— EXERCISE INSTRUCTIONS —
The answer is all of the data repeated exactly, with each picture omitted.

— COLLECTED MATERIAL —
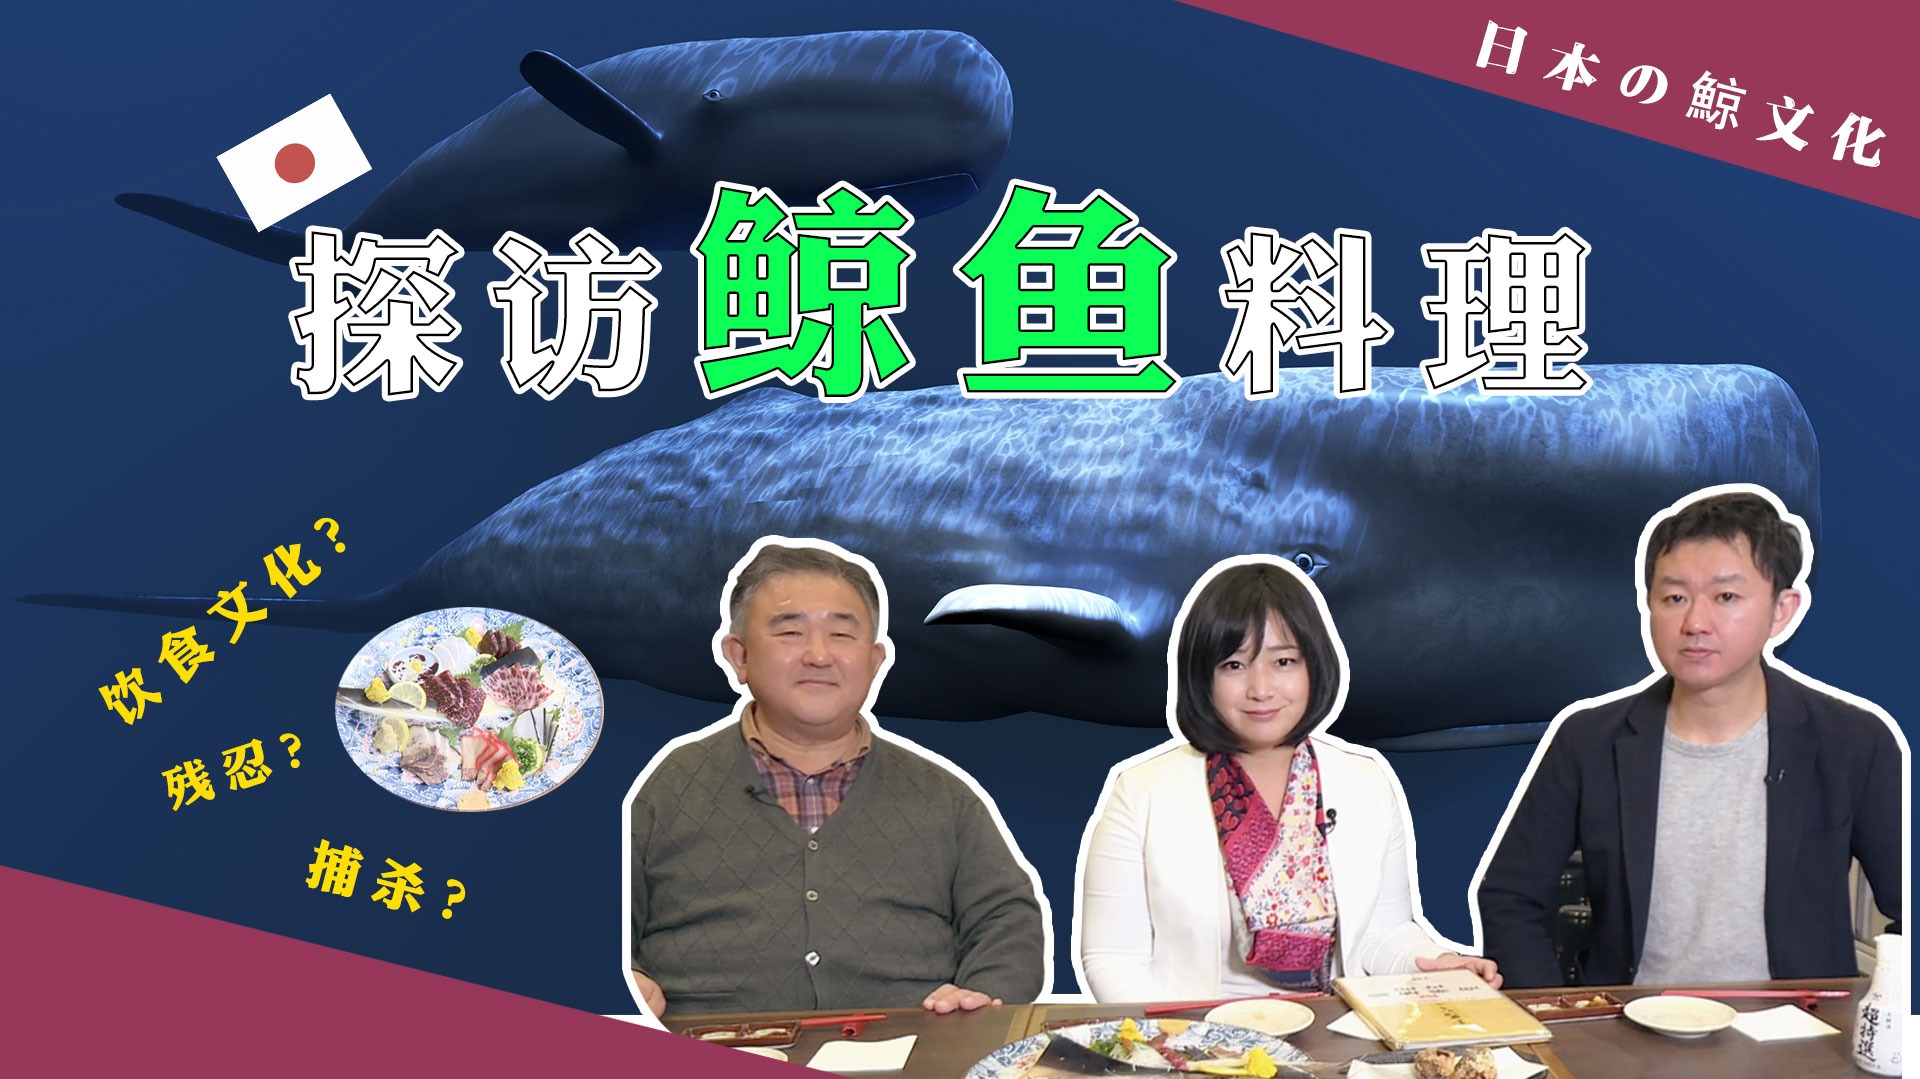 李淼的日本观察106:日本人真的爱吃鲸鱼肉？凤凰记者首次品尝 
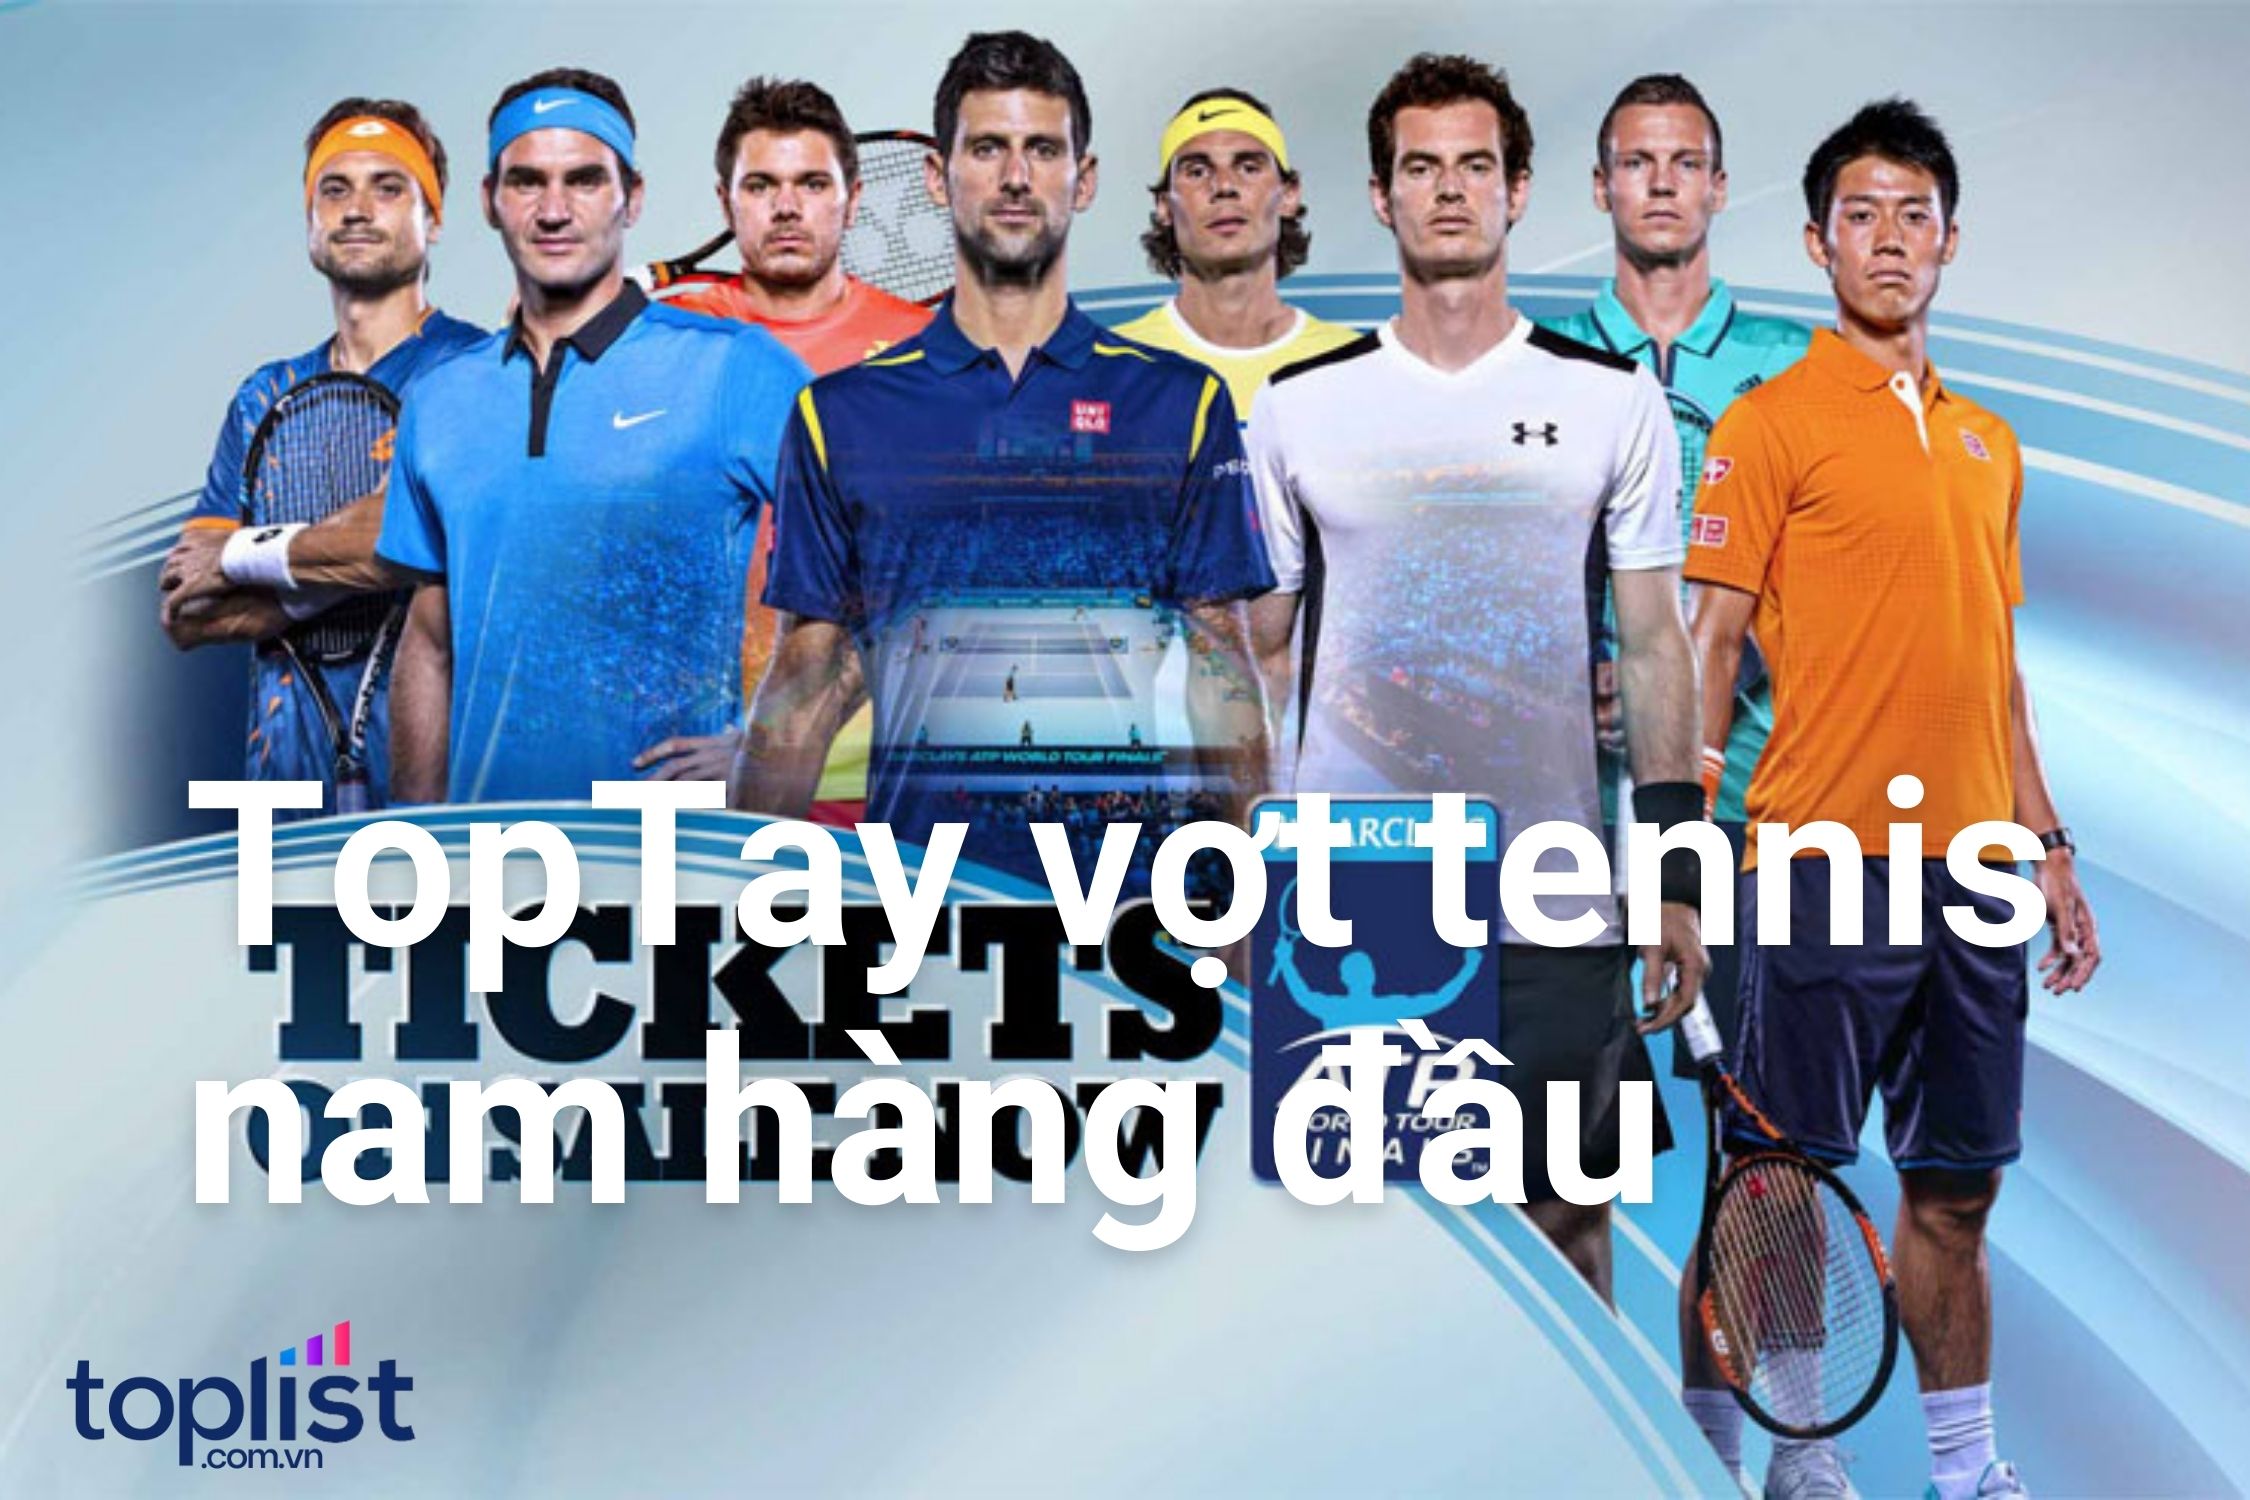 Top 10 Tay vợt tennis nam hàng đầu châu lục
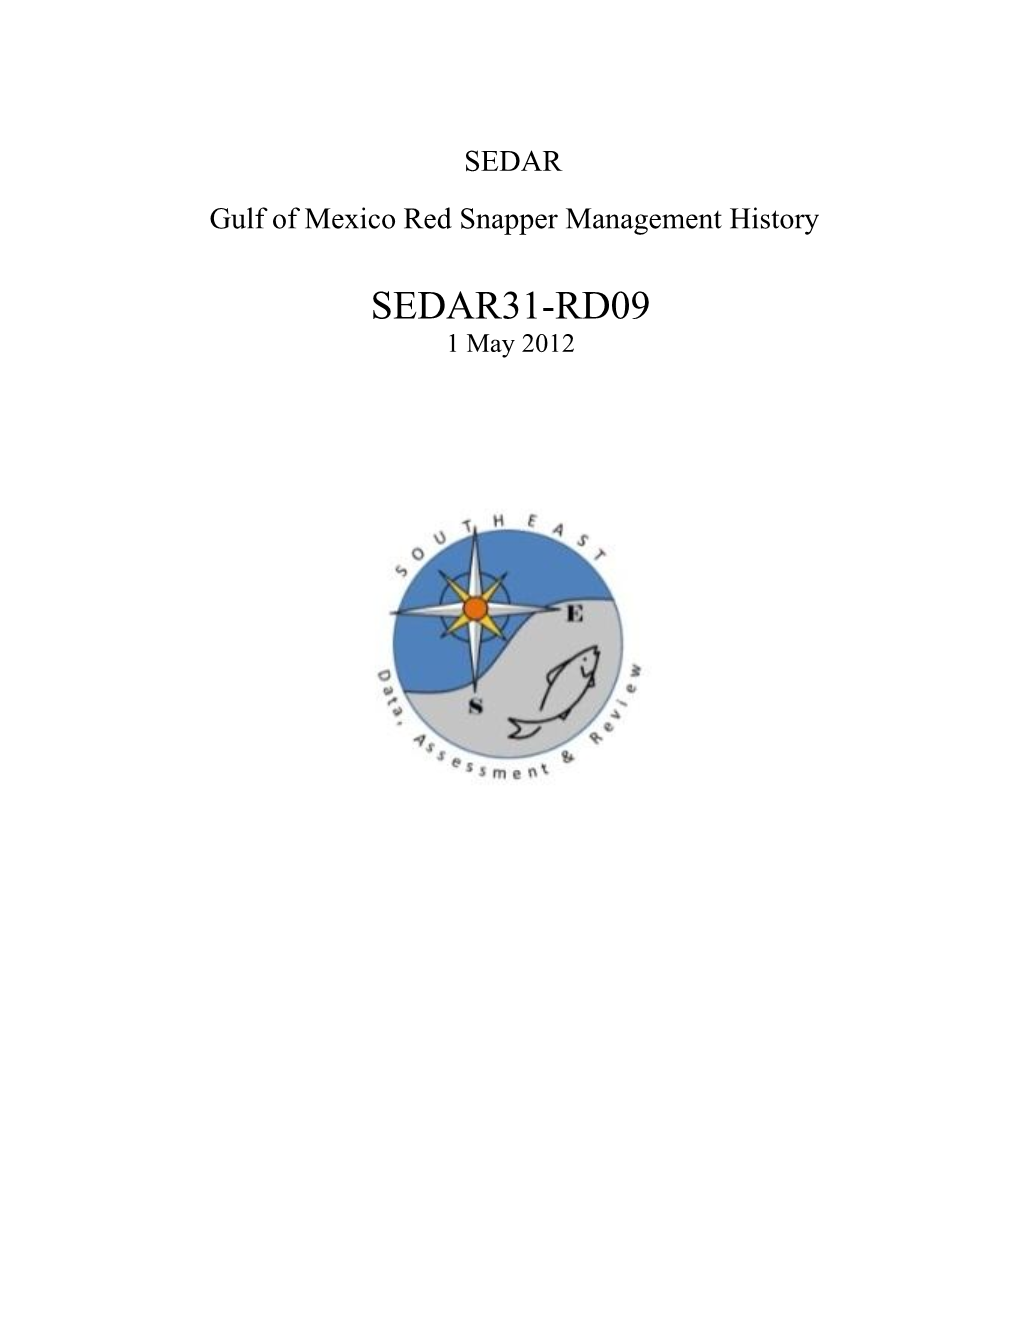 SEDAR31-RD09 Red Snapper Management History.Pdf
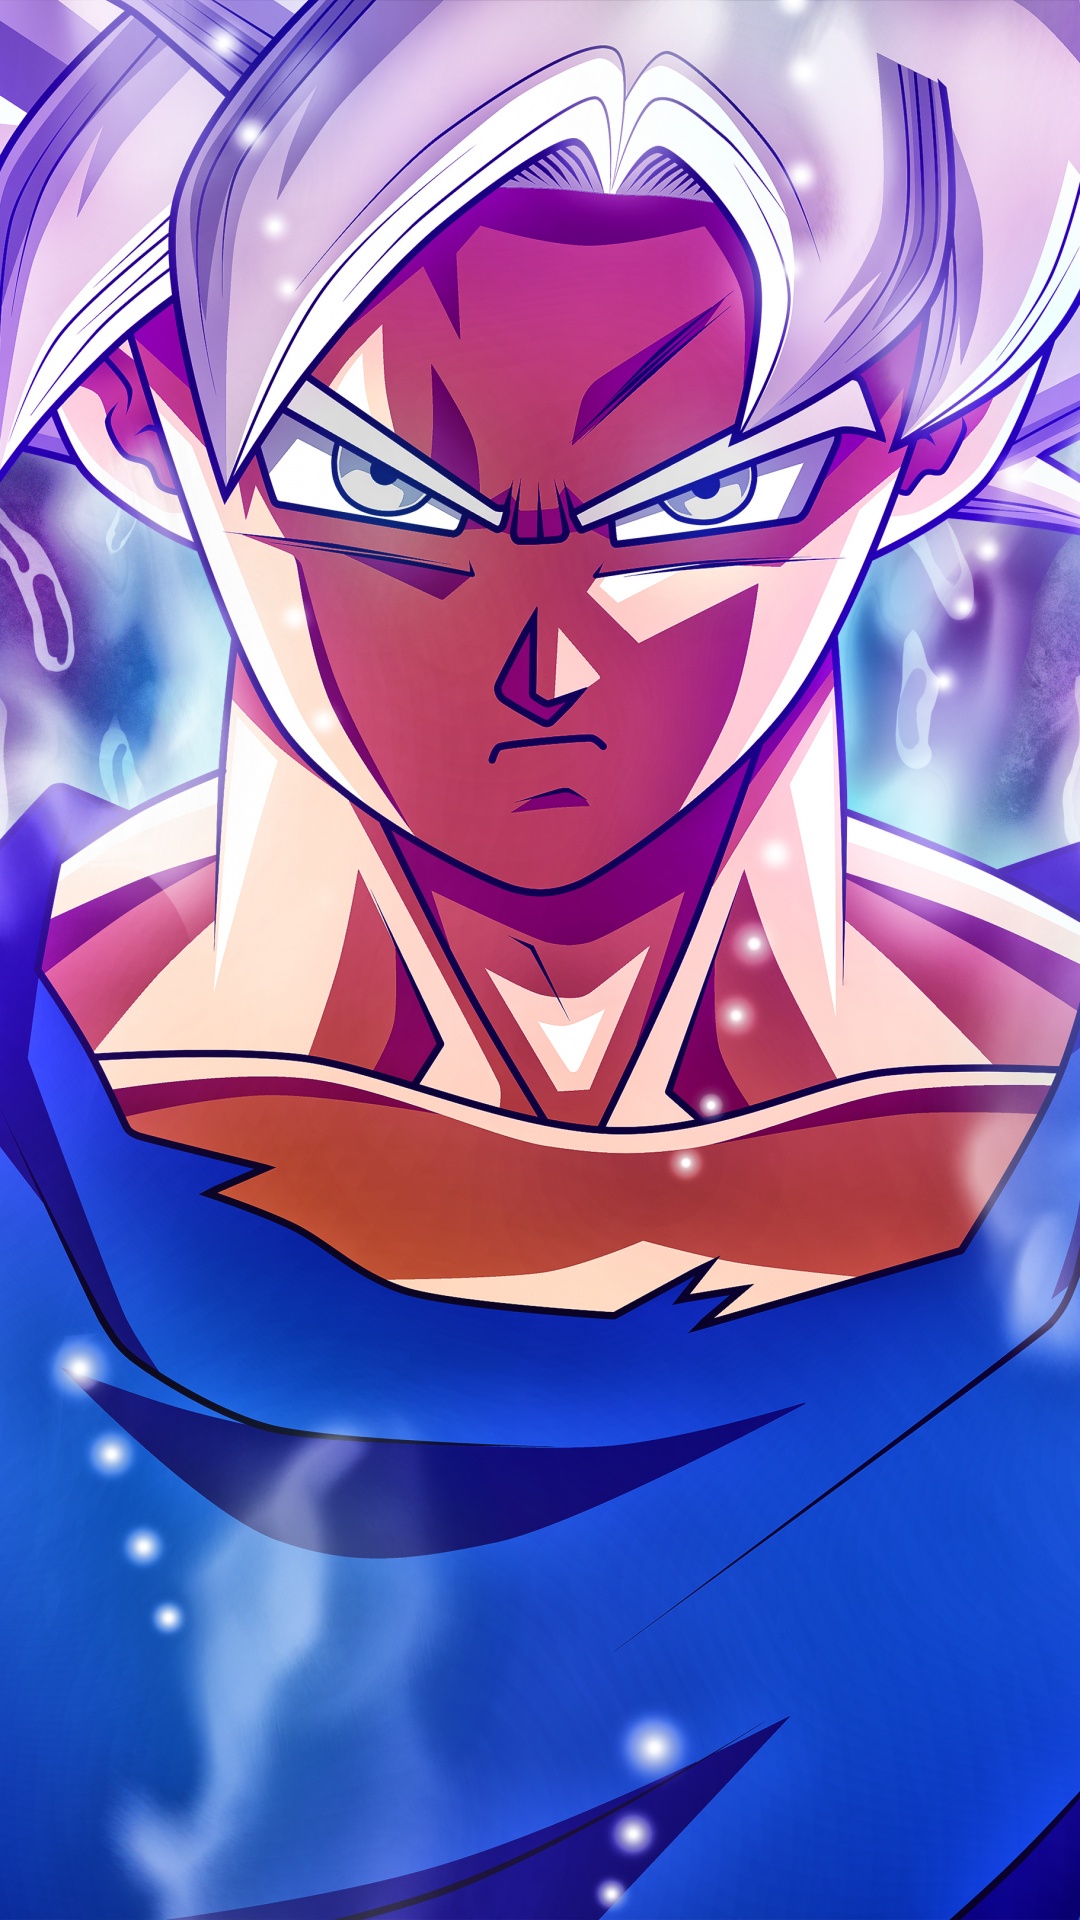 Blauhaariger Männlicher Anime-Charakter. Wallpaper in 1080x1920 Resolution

— TASK OUTPUT —
 李淼的日本观察106:日本人真的爱吃鲸鱼肉？凤凰记者首次品尝 
 Top 10 Tay vợt tennis nam hàng đầu châu lục
 SEDAR31-RD09 Red Snapper Management History.Pdf
 Blauhaariger Männlicher Anime-Charakter. Wallpaper in 1080x1920 Resolution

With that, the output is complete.